Тай-во-рту в ходе этой стычки потерял очки, но шляпа на нем удержалась. Гоняясь за мальчишками по кабине и кузову, он орал: «Ах вы, сучьи дети!» Наконец Мел вытащил две большие пачки карточек и швырнул на улицу. «Ребята кинулись на них, как мухи на дерьмо», — говорил Тим. Когда стало понятно, что там нет ни одной карточки с глазами, Тай-во-рту, сняв колокольчик, уже потихоньку заворачивал за угол.
Но в тот день на исходе лета, когда я сидел в ожидании на поребрике, у меня родилась теория, вселившая в мою душу надежду. Я решил, что Тай-во-рту выдерживает нас до конца сезона и в последние деньки перед началом учебы, прежде чем исчезнуть до следующей весны, одарит кого-нибудь глазами. Я проникся верой, какой никогда не чувствовал в церкви, что в этот день со мной должно произойти что-то необыкновенное. Я сидел на поребрике и ждал. Потом солнце стало клониться к закату, и мама позвала меня обедать.

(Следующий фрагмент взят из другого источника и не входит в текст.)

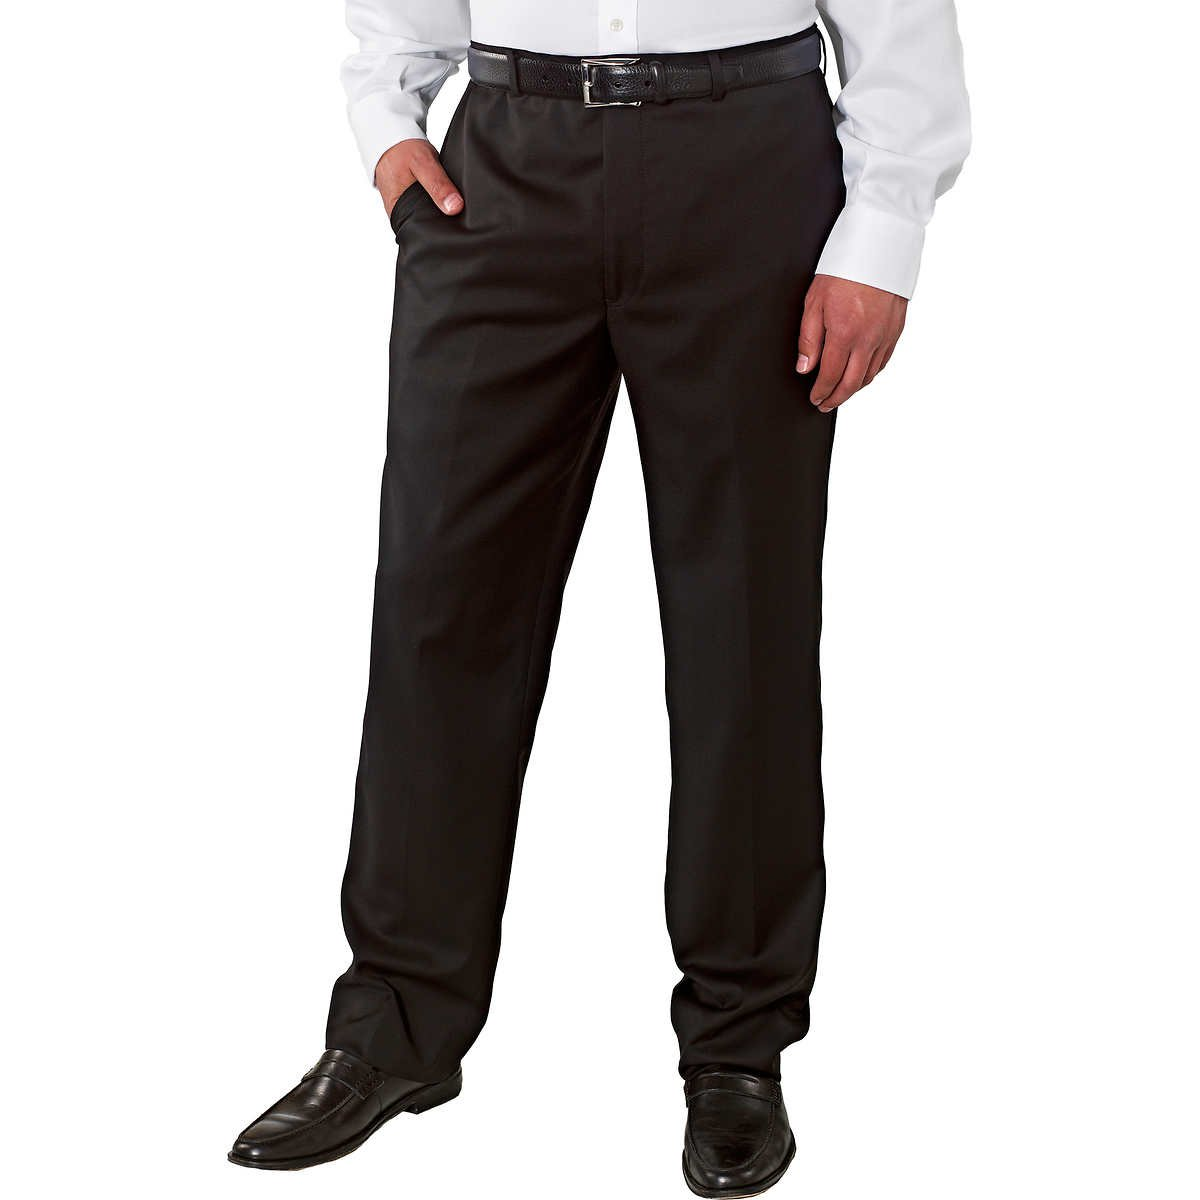 Kirkland Signature Mens Wool Flat Front Dress Pant-Open Bottom Hem (36X32, Black) by Kirkland Signature. (Image #1)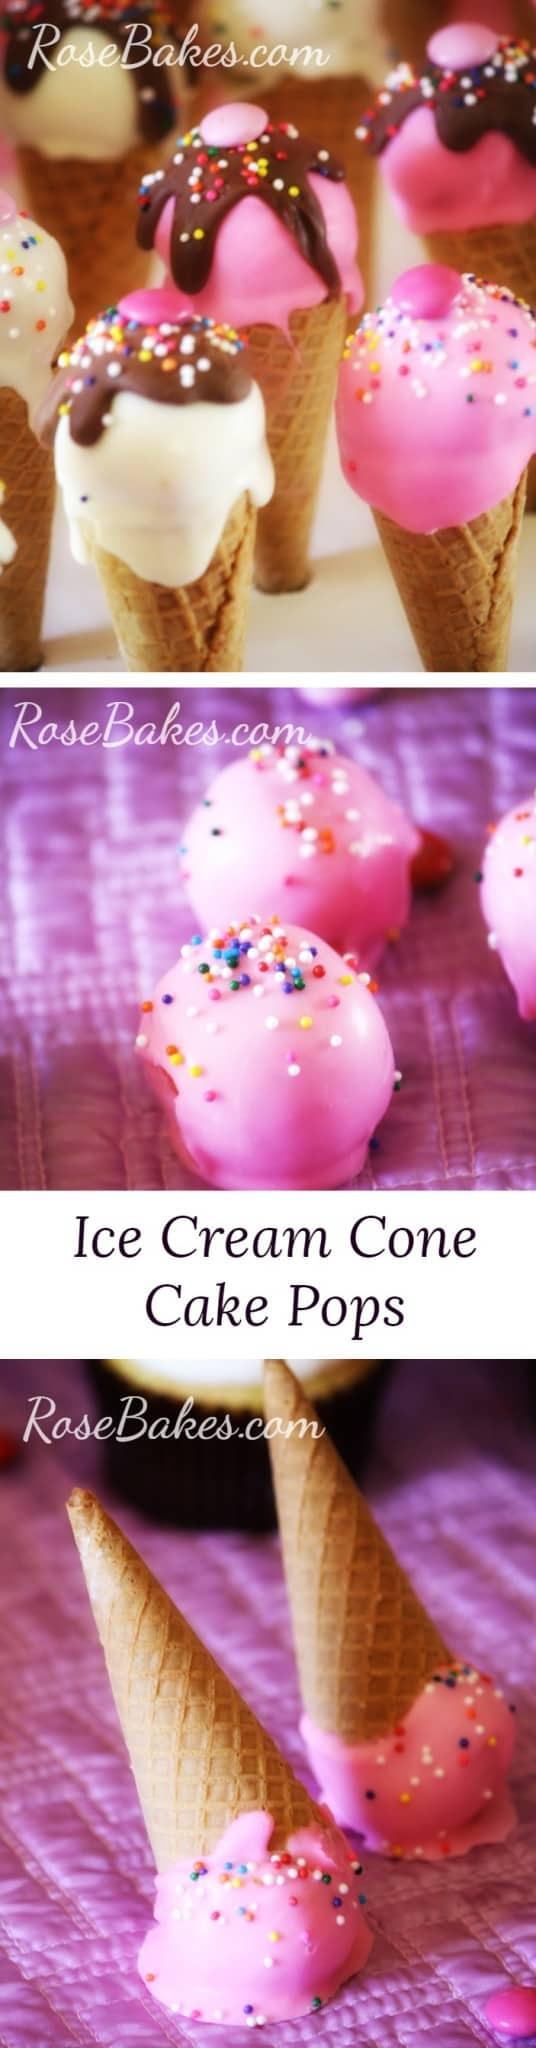 Ice Cream Cone Cake Pops | RoseBakes.com

Тай-во-рту так больше никогда и не появился, но, как выяснилось, мы все разжились глазами.
А клоуны будут?
Рисовала моя мама лучше, чем готовила. Мне нравилось, как она нарисовала отца — в костюме, на темно-красном фоне, с задумчивым лицом, — но вот ее томатный суп с макаронами вовсе не вызывал у меня восторга.
Она стояла у кухонной плиты перед большой кастрюлей и варила этот самый суп, в одной руке у нее был стакан хереса, а в другой — горящая сигарета с чуть ли не дюймовым столбиком пепла. Она повернулась и, увидев меня, сказала: «Иди вымой руки!» Я направился по коридору в ванную, успев краем глаза заметить, как пепельный столбик свалился в кастрюлю. Перед тем как я открыл дверь в ванную, до меня донеслось мамино бормотание: «А не пойти ли тебе?..» — а следом раздался хлюпающий звук — она принялась помешивать свою оранжевую похлебку.
Когда я вышел из ванной, мне было поручено замешать порошковое молоко и выдать всем нам, маленьким, по стакану. В конце еды нас ждали три полных стакана этого молока. К несчастью, мы все еще не забыли, что такое настоящее молоко. Порошковое по вкусу напоминало кислую капусту, а по виду — вспененную воду с растворенным в ней мелом. Но стояло оно просто для виду. Если никто из нас не жаловался на ужасный вкус, мать никогда не заставляла его пить.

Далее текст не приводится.